> **What you are asked to do**: Leave the images out. Give every line below again, precisely.

> **Data segment**:
________________
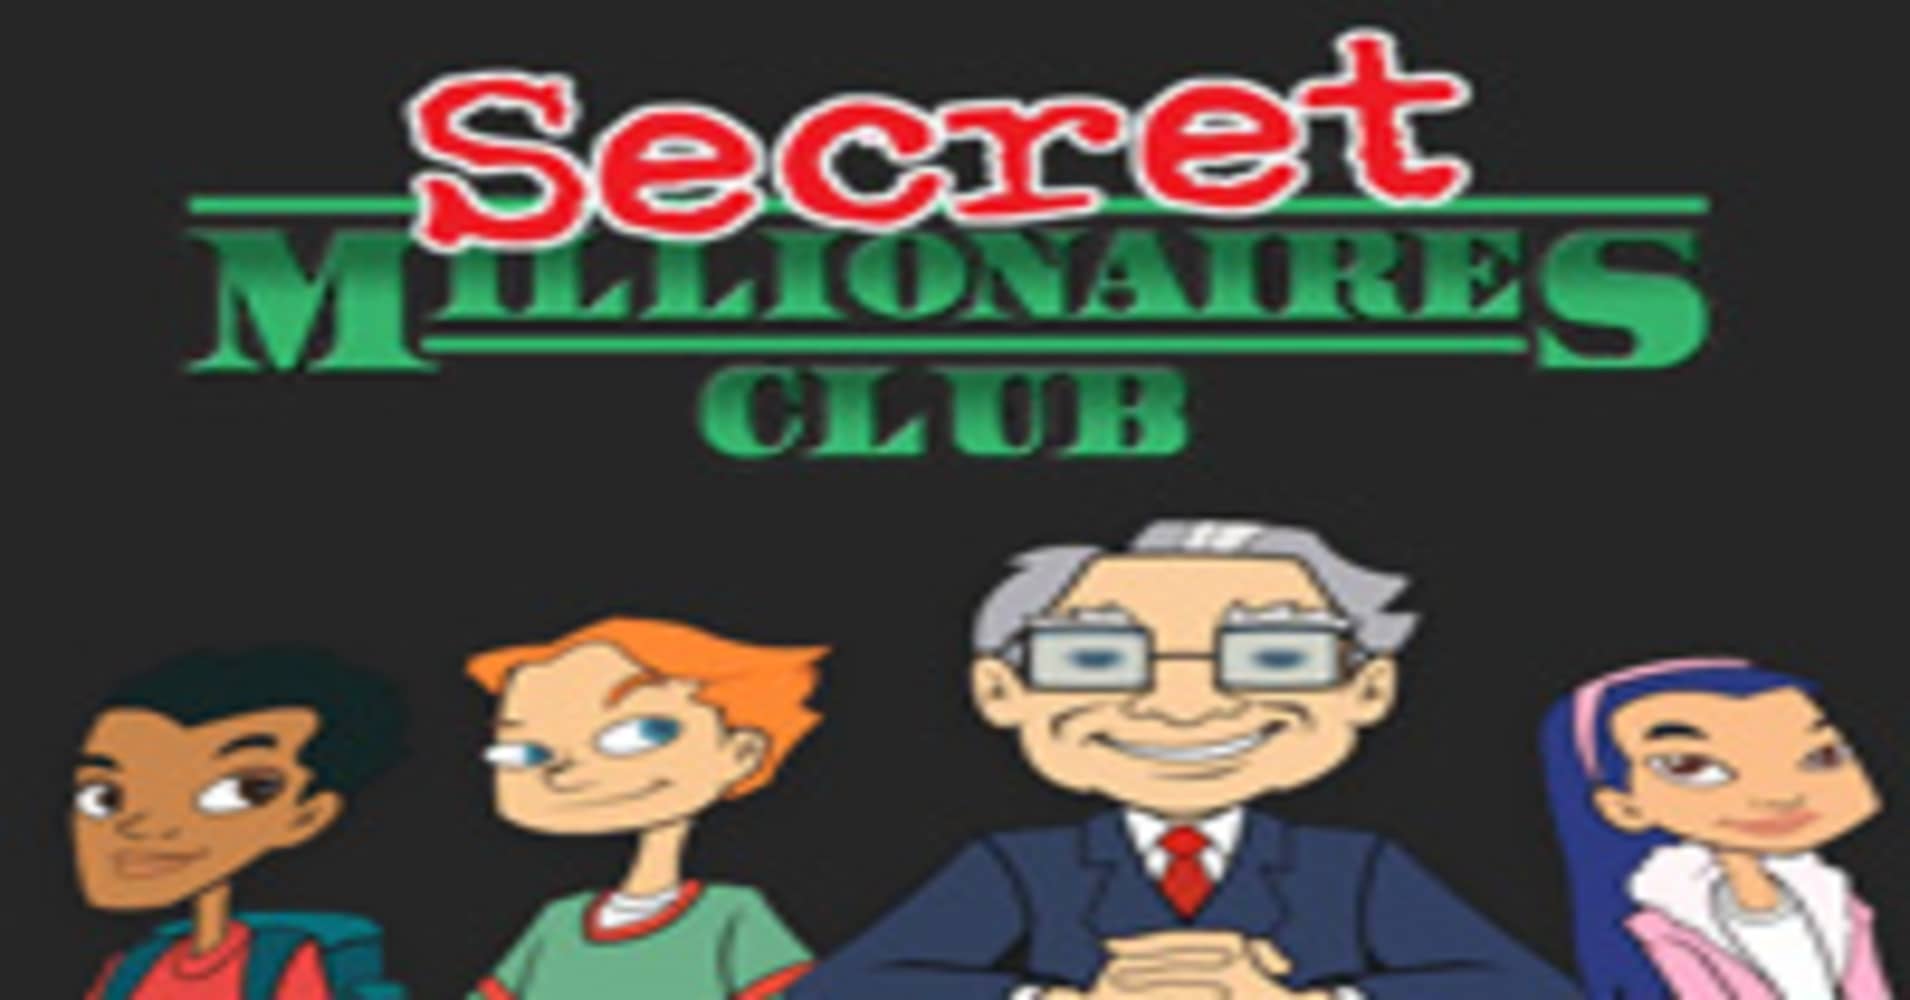 Warren Buffett and the Secret Millionaires Club
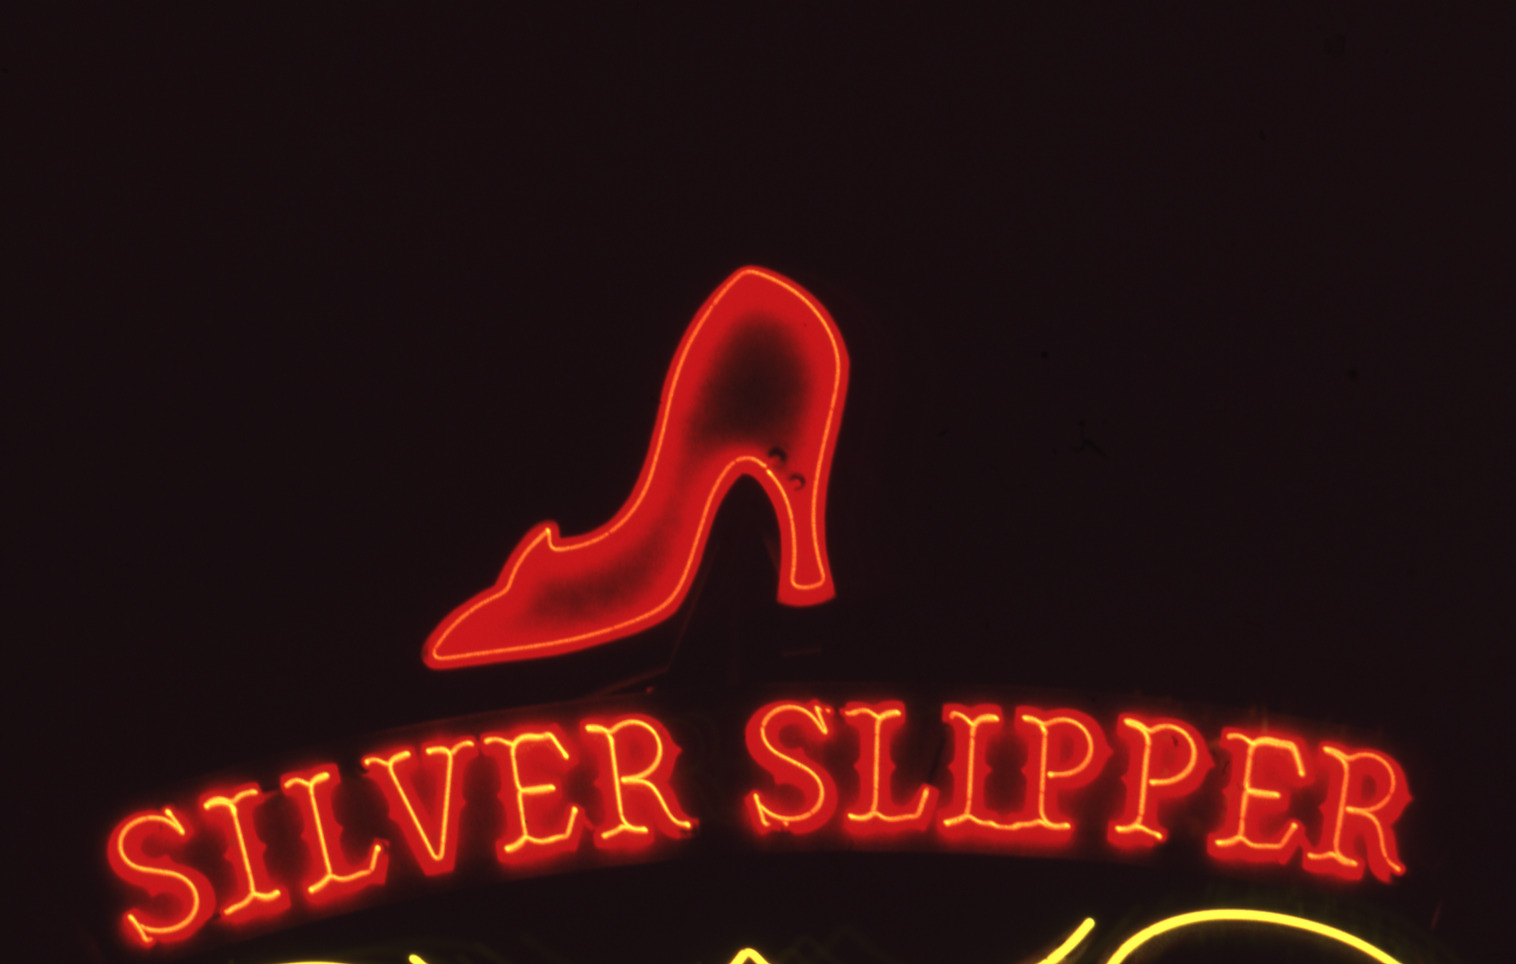 Silver Slipper Casino sign, Las Vegas, Nevada: photographic print
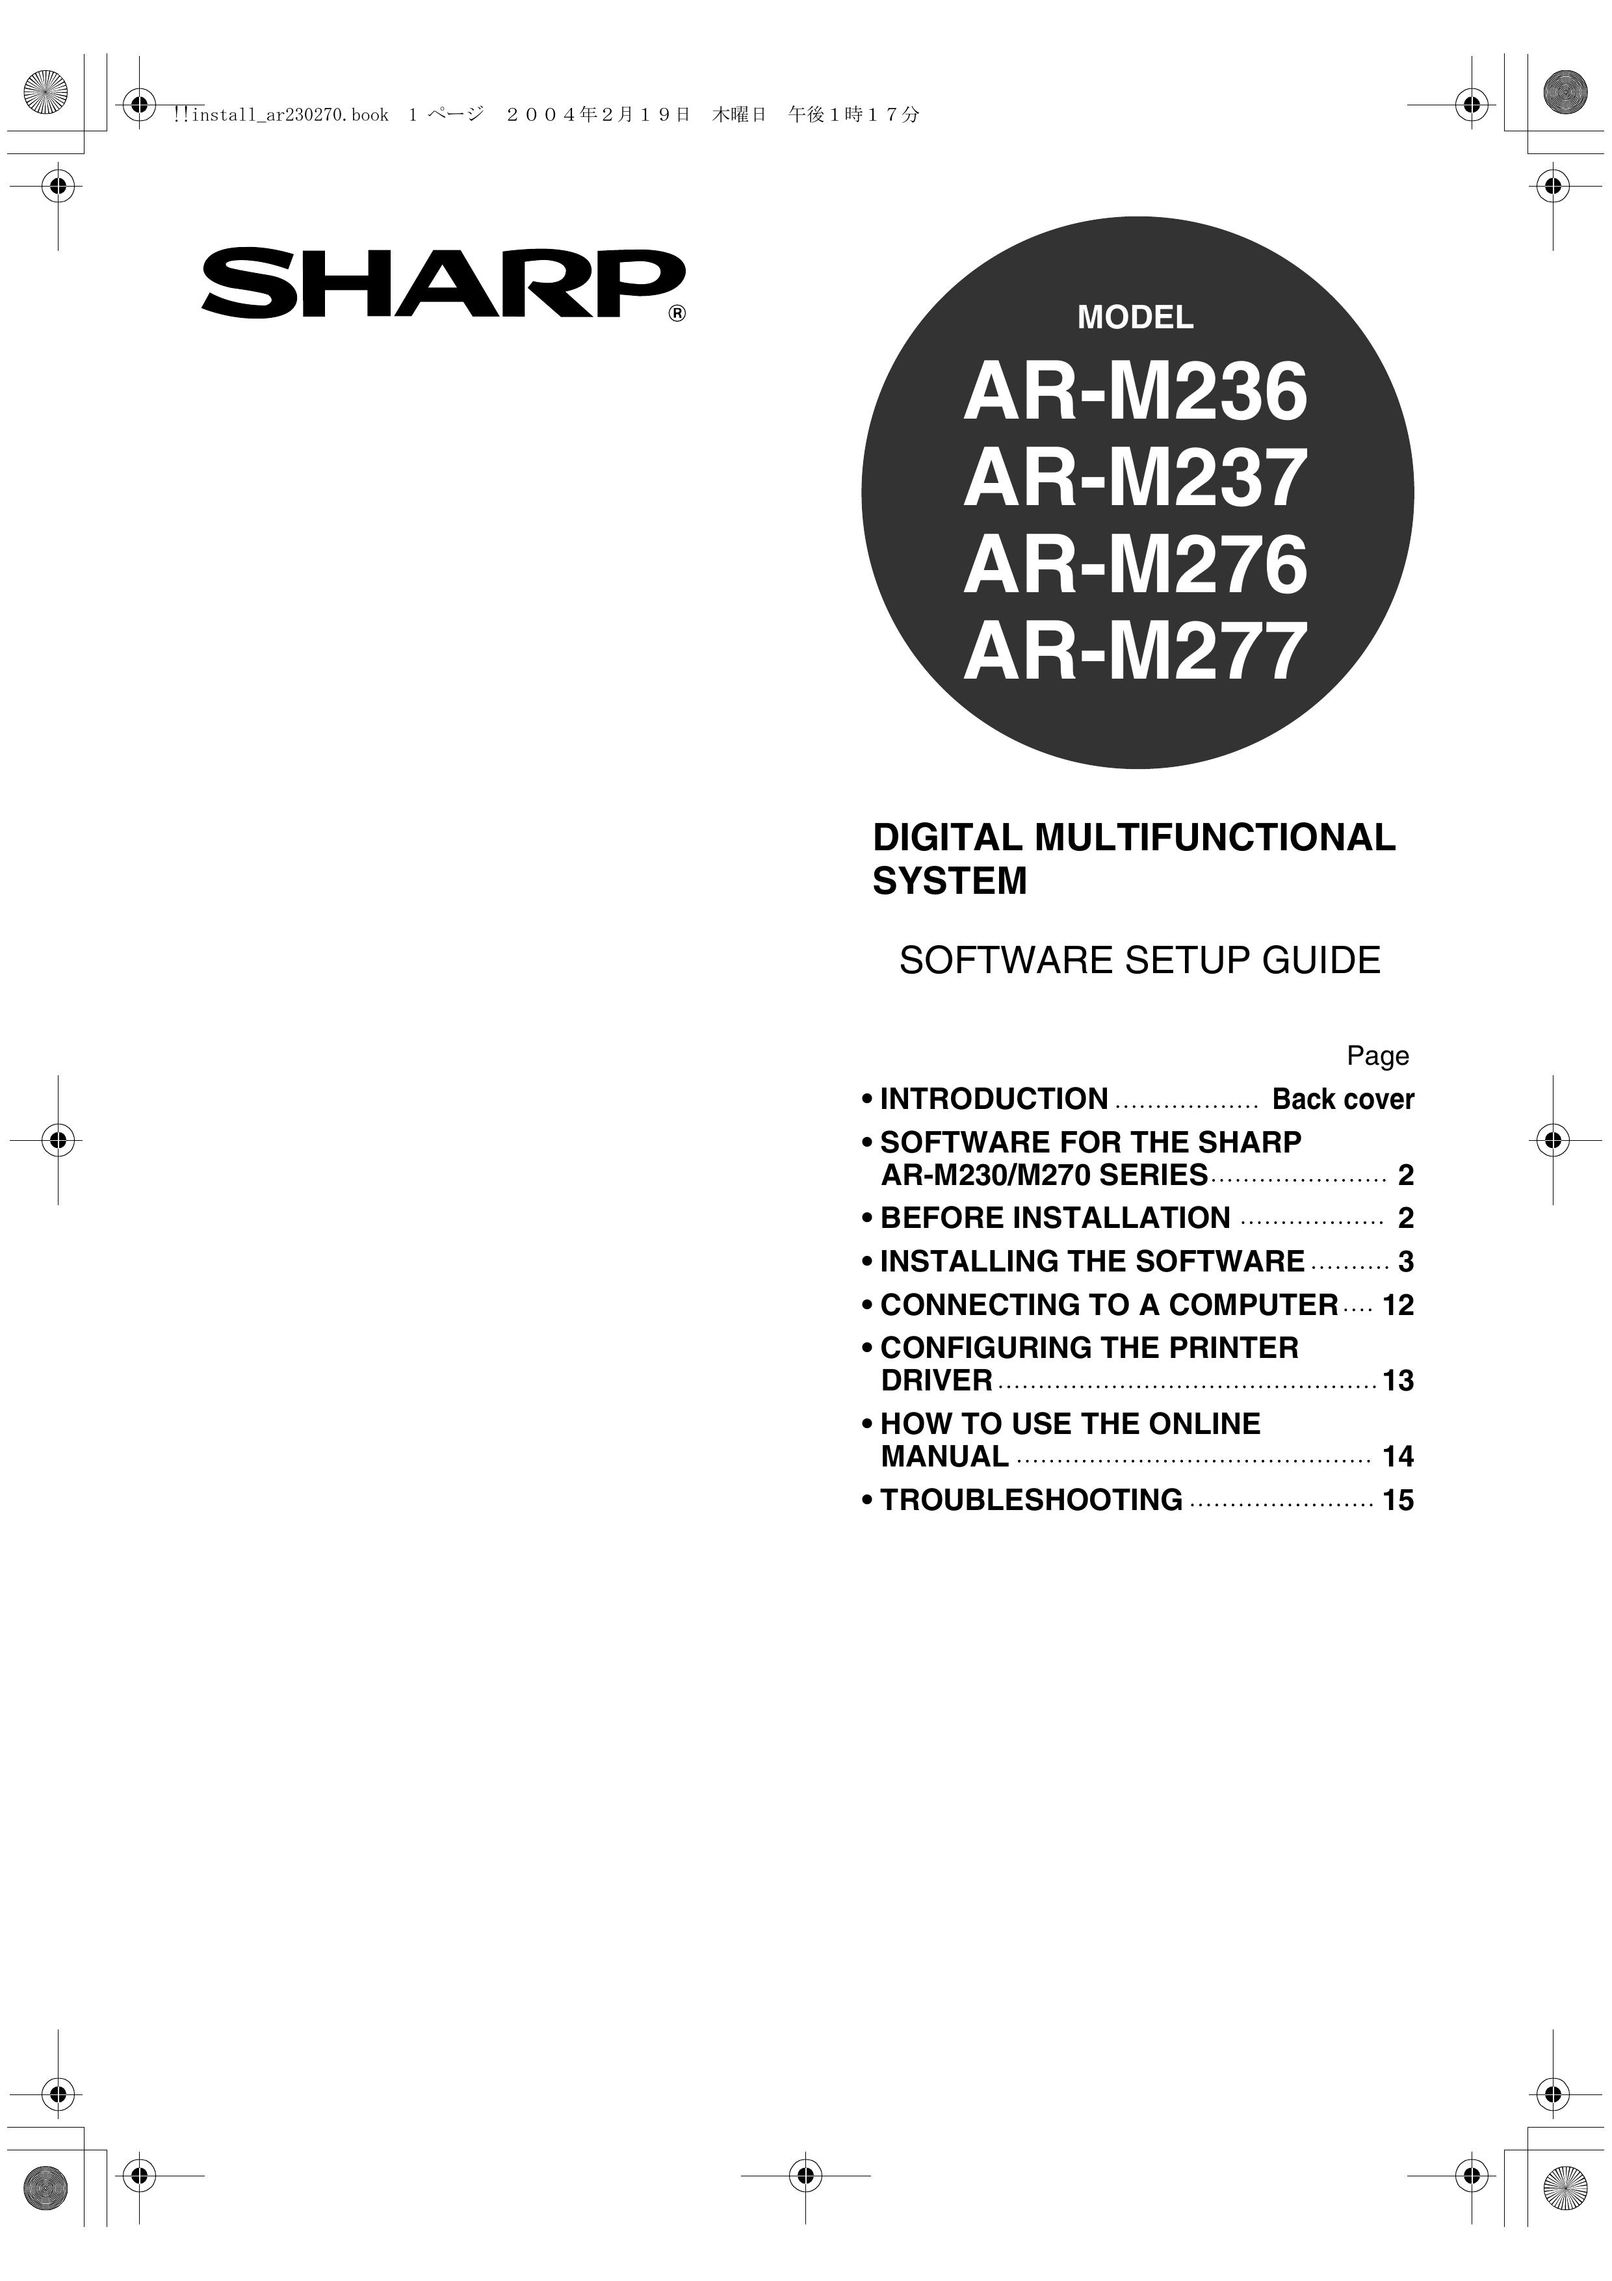 Sharp AR-M236 Fax Machine User Manual
________________
> **Exercise result**:
 Warren Buffett and the Secret Millionaires Club
 Silver Slipper Casino sign, Las Vegas, Nevada: photographic print
 Sharp AR-M236 Fax Machine User Manual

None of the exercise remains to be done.